The patch enables time profile based reordering with AutoFDO with
-fauto-profile -fprofile-reorder-functions, by mapping timestamps obtained from
perf
into node->tp_first_run.
The rationale for doing this is:
(1) GCC already implements time-profile function reordering with PGO, the patch
enables
it with AutoFDO.
(2) While time profile ordering is primarly meant for optimizing startup time,
we've also observed good effects on code-locality for large internal workloads.
(3) Possibly useful for function reordering when accurate profile annotation is
hard with AutoFDO -- For eg, if branch samples are missing (due to absence of
LBR like structure).
On AutoFDO tools side, a corresponding patch extends gcov to emit 64-bit perf
timestamp that
records first execution of function, which loosely corresponds to PGO's
time_profile counter.
The timestamp is stored adjacent to head field in toplevel function info.
On GCC side, this patch makes the following changes:
(1) Changes to auto-profile pass:
The patch adds a new field timestamp to function_instance,
and populates it in read_function_instance.
It maintains a new timestamp_info_map from timestamp -> <name, tp_first_run>,
which maps timestamps sorted in ascending order to (1..N), so lowest ordered
timestamp is mapped to 1 and so on. The rationale for this is that
timestamps are 64-bit integers, and we don't need the full 64-bit range
for ordering by tp_first_run.
During annotation, the timestamp associated with function_instance is looked up
in timestamp_info_map, and corresponding mapped value is assigned
to node->tp_first_run.
Dhruv's sourcefile tracking patch already handles LTO privatized symbols.

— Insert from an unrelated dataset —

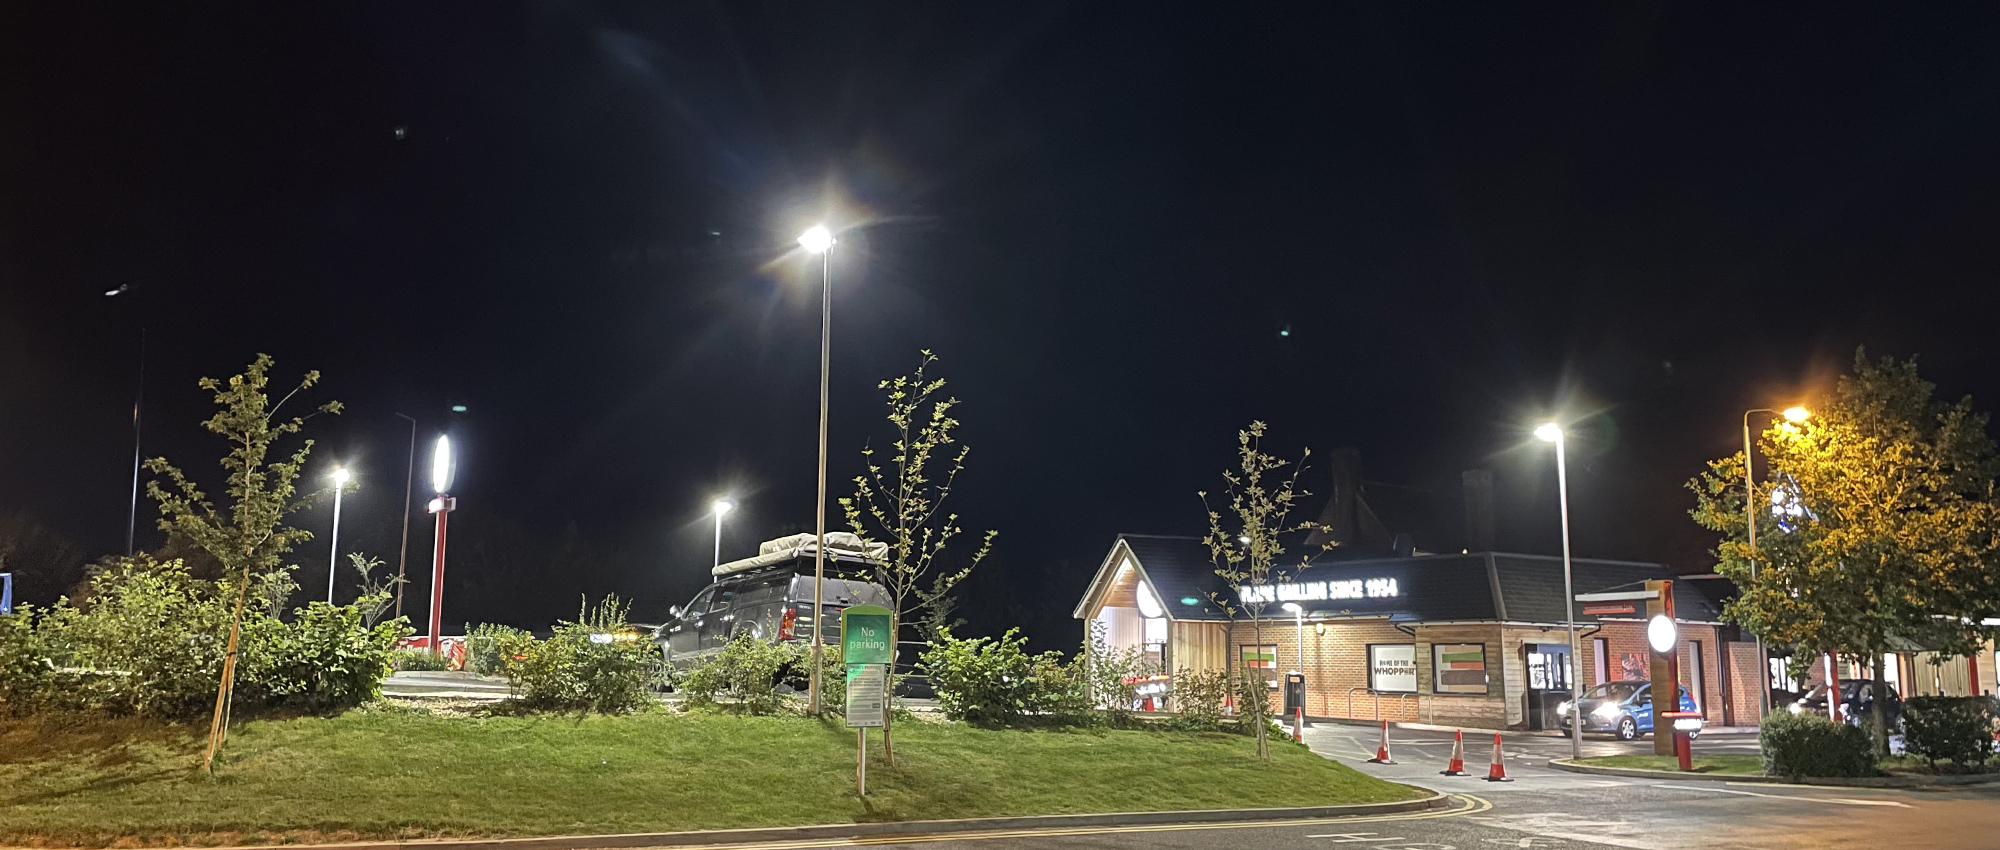 Marwood Lighting Solutions - Burger King Car Park Scheme

The patch adds a workaround for mismatched/empty filenames, which should go away
when the issues with AutoFDO tools dwarf parsing are resolved.
(2) Grouping profiled functions together in as few partitions as possible:
The patch places profiled functions in time profile order together in as
few paritions as possible to get better advantage of code locality.

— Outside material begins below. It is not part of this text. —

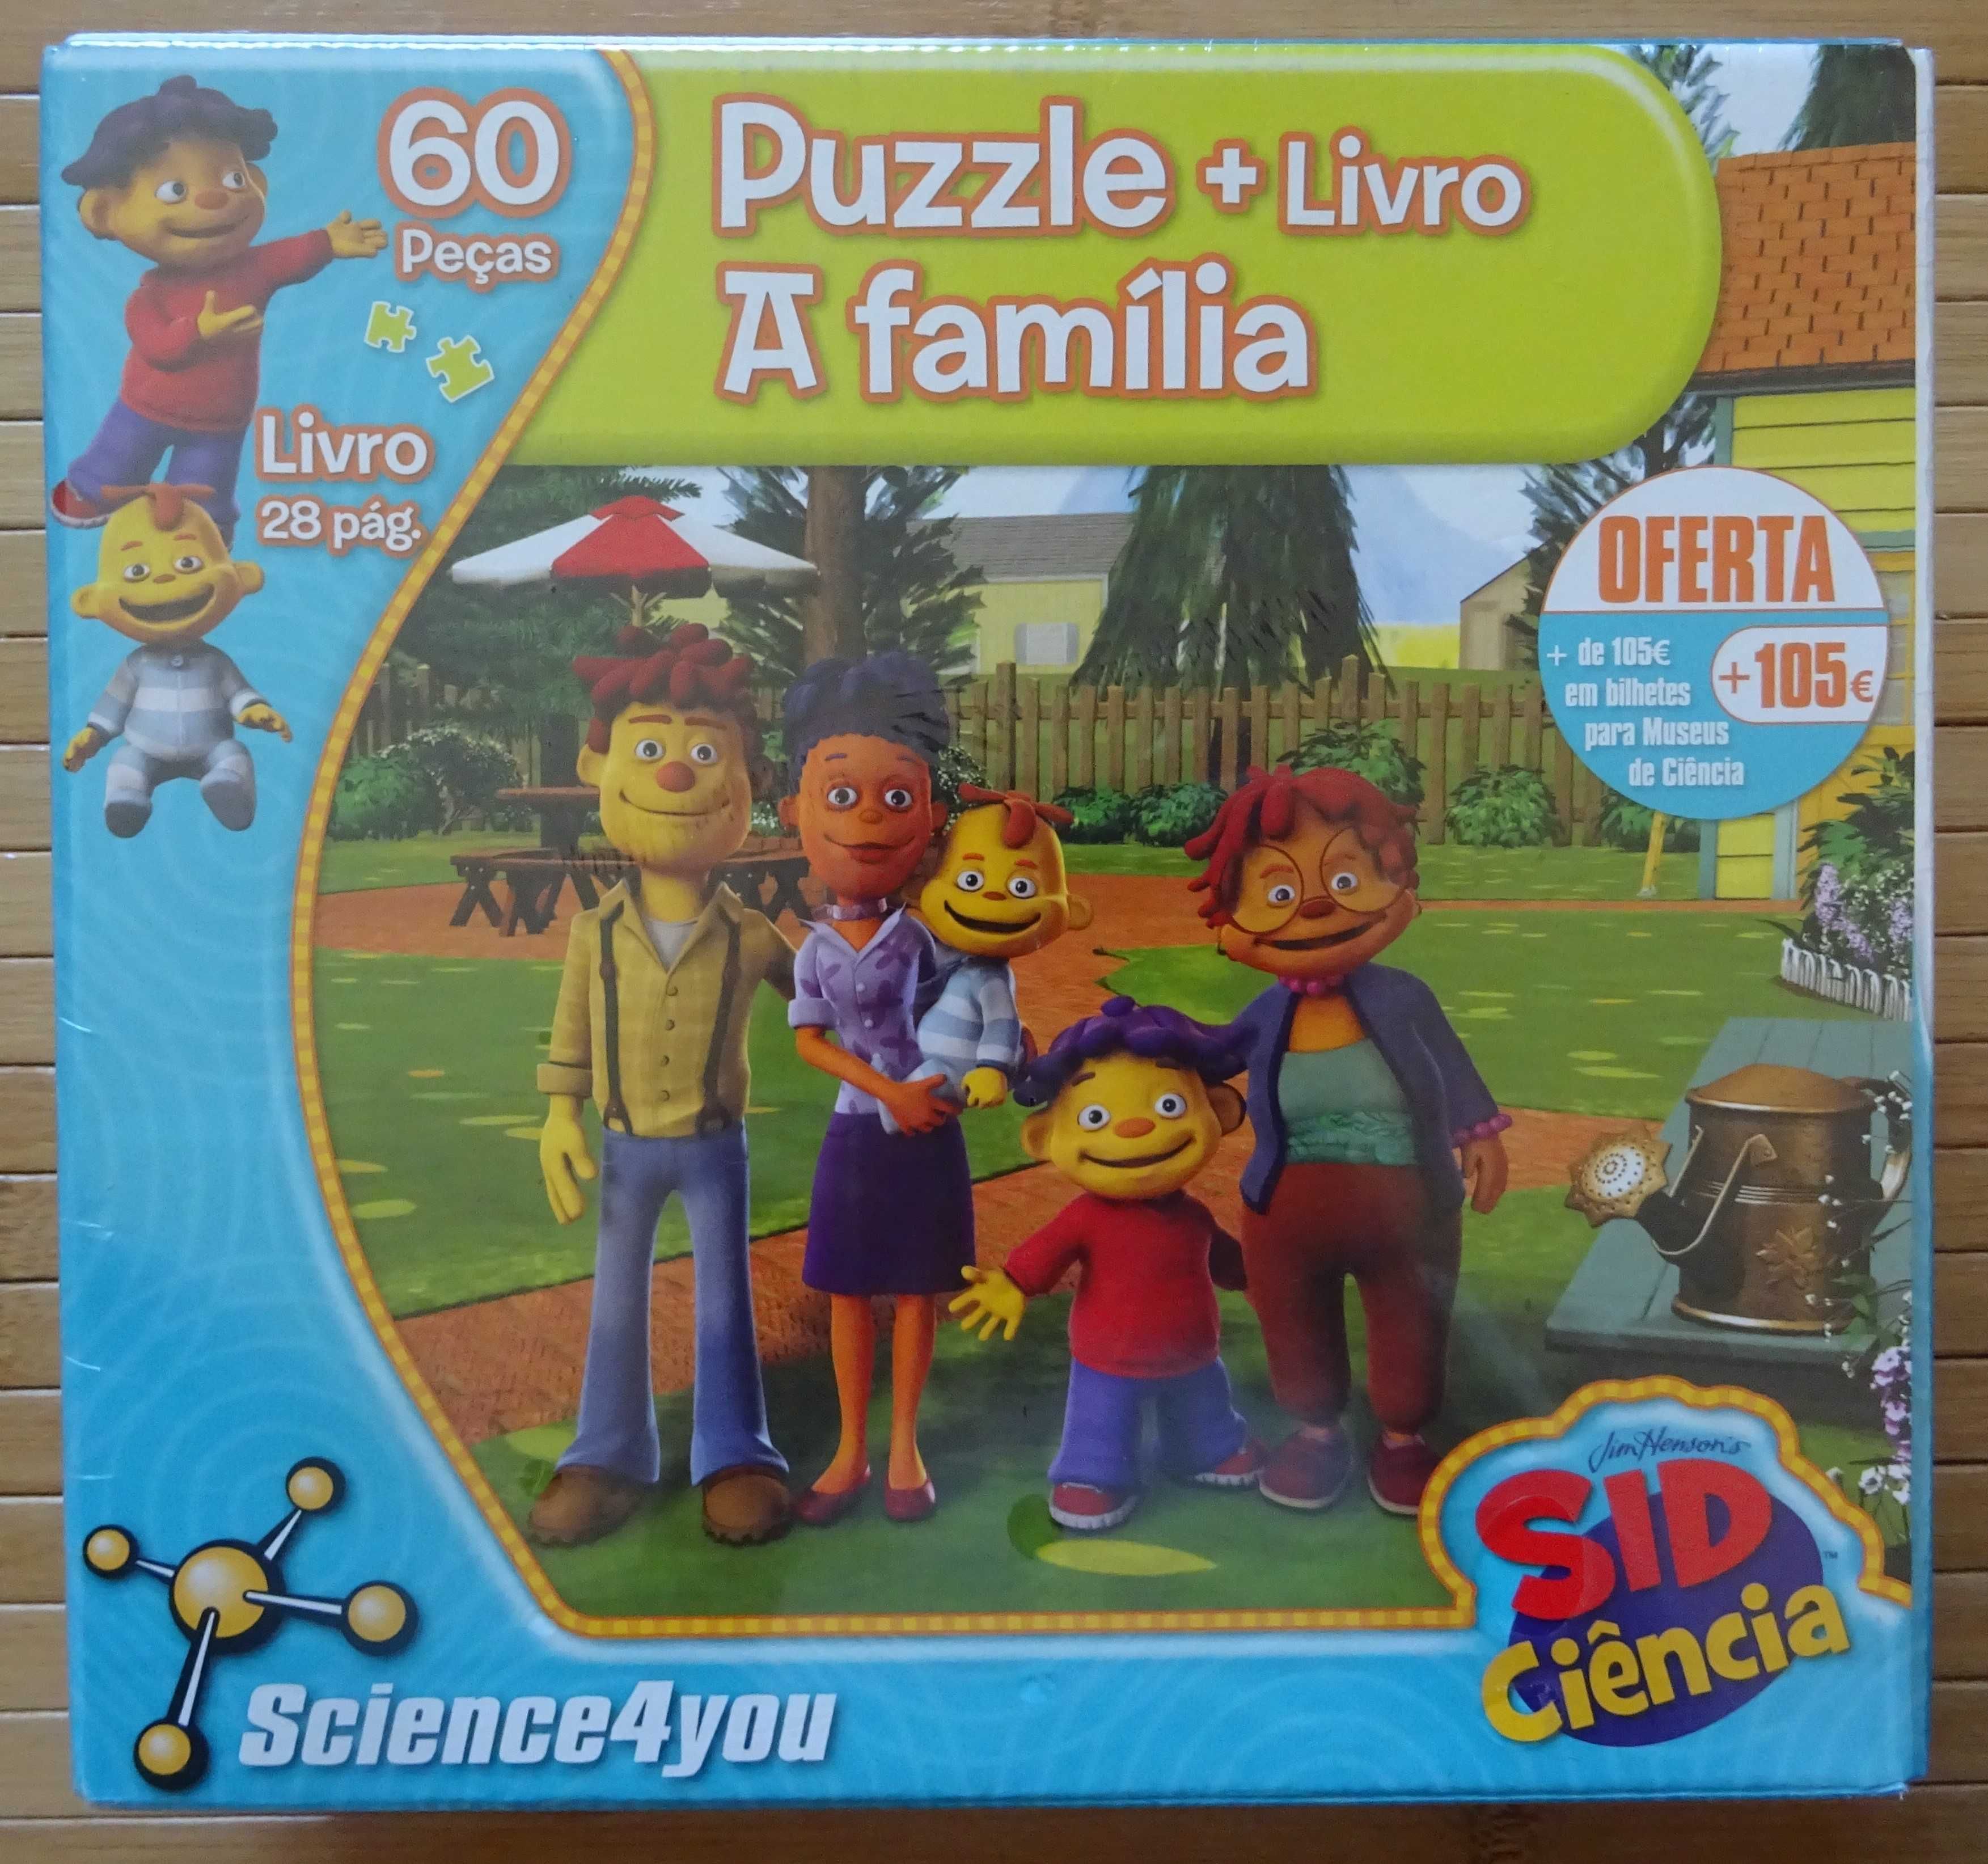 Puzzle + Livro A Família - SID Ciência - Science4you

Unlike PGO, where every instrumented function gets a time profile,
with AutoFDO, the sampled functions are a fraction of the total executed ones.

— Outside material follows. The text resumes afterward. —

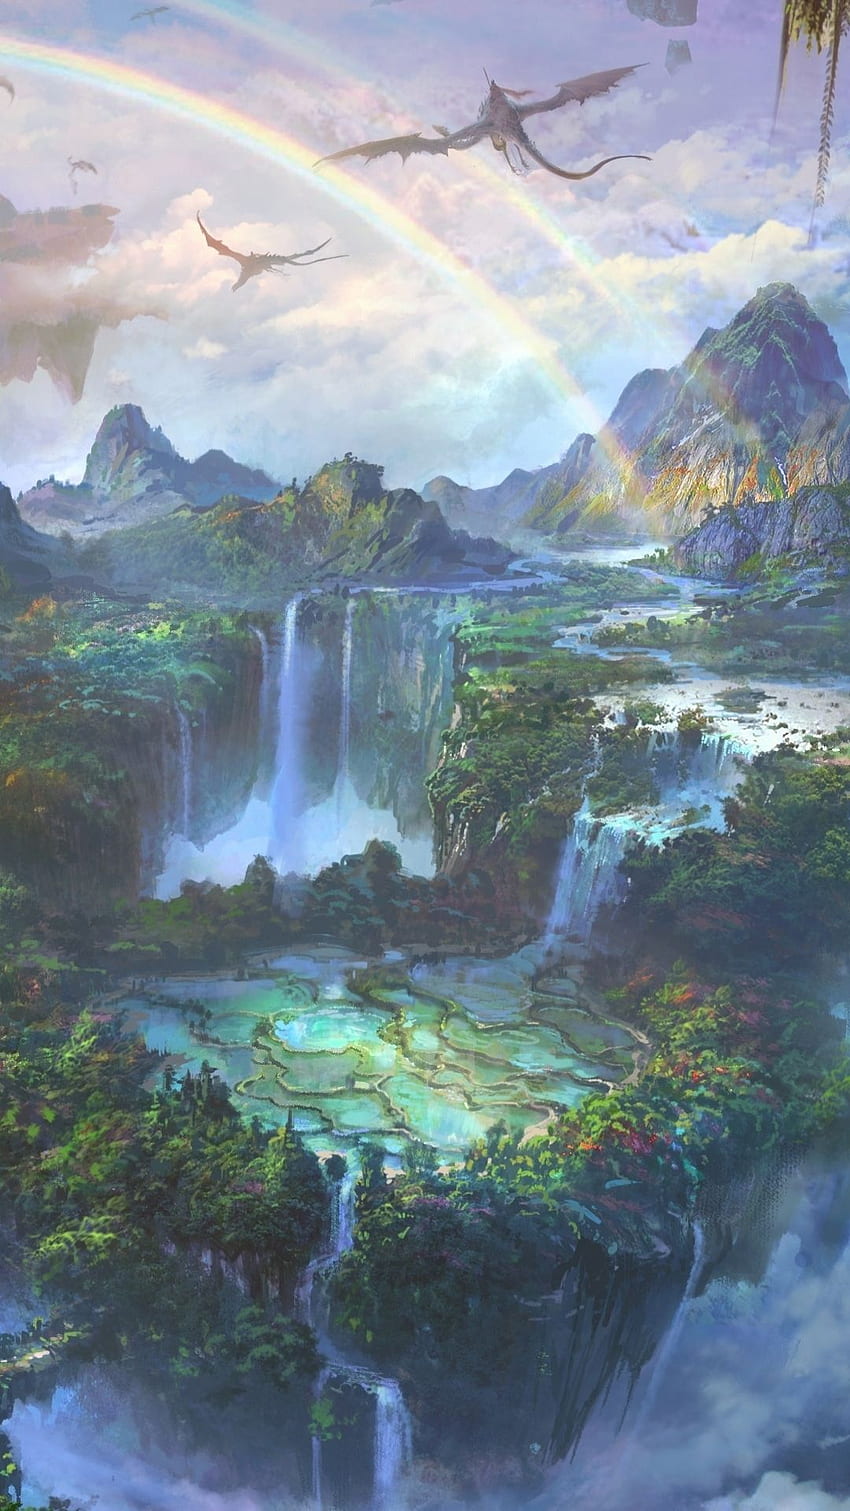 Fantasy Scenery Landscape 4K wallpaper download

Similarly, in default_function_section, it overrides hot/cold partitioning so
that grouping of profiled functions isn't disrupted.
(3) Param to disable profile driven opts.
The patch adds param auto-profile-reorder-only which only enables time-profile
reordering with
AutoFDO:
(a) Useful as a debugging aid to isolate regression to either function
reordering or profile driven opts.
(b) As a stopgap measure to avoid regressions with AutoFDO profile driven opts.
(c) Possibly useful for architectures which do not support branch sampling.
gcc/ChangeLog:
* auto-profile.cc: (string_table::filenames): New method.
(function_instance::timestamp_): New member.
(function_instance::timestamp): New accessor for timestamp_ member.
(autofdo::timestamp_info_map): New std::map.
(function_instance::function_instance): Add argument timestamp and set
it to member timestamp_.
(function_instance::read_function_instance): Adjust prototype and read
timestamp.
(autofdo_source_profile::get_function_instance_by_decl): New argument
filename with default value NULL.
(autofdo_source_profile::read): Populate timestamp_info_map.
(afdo_annotate_cfg): Assign node->tp_first_run based on
timestamp_info_map and bail out of annotation if
param auto-profile-reorder-only is enabled.
* params.opt: New param auto-profile-reorder-only.
* ipa-locality-cloning.cc (partition_by_timestamps): New function.
(locality_partition_and_clone): Call partition_by_timestamps.
* varasm.cc (default_function_section): Bail out if -fauto-profile
-fprofile-reorder-functions is enabled and node->tp_first_run > 0.
gcc/lto/ChangeLog:
* lto-partition.cc (create_partition): Move higher up in the file.
(partition_by_timestamps): New function.
(lto_balanced_map): Call partition_by_timestamps if -fauto-profile
-fprofile-reorder-functions is passed and noreroder is empty.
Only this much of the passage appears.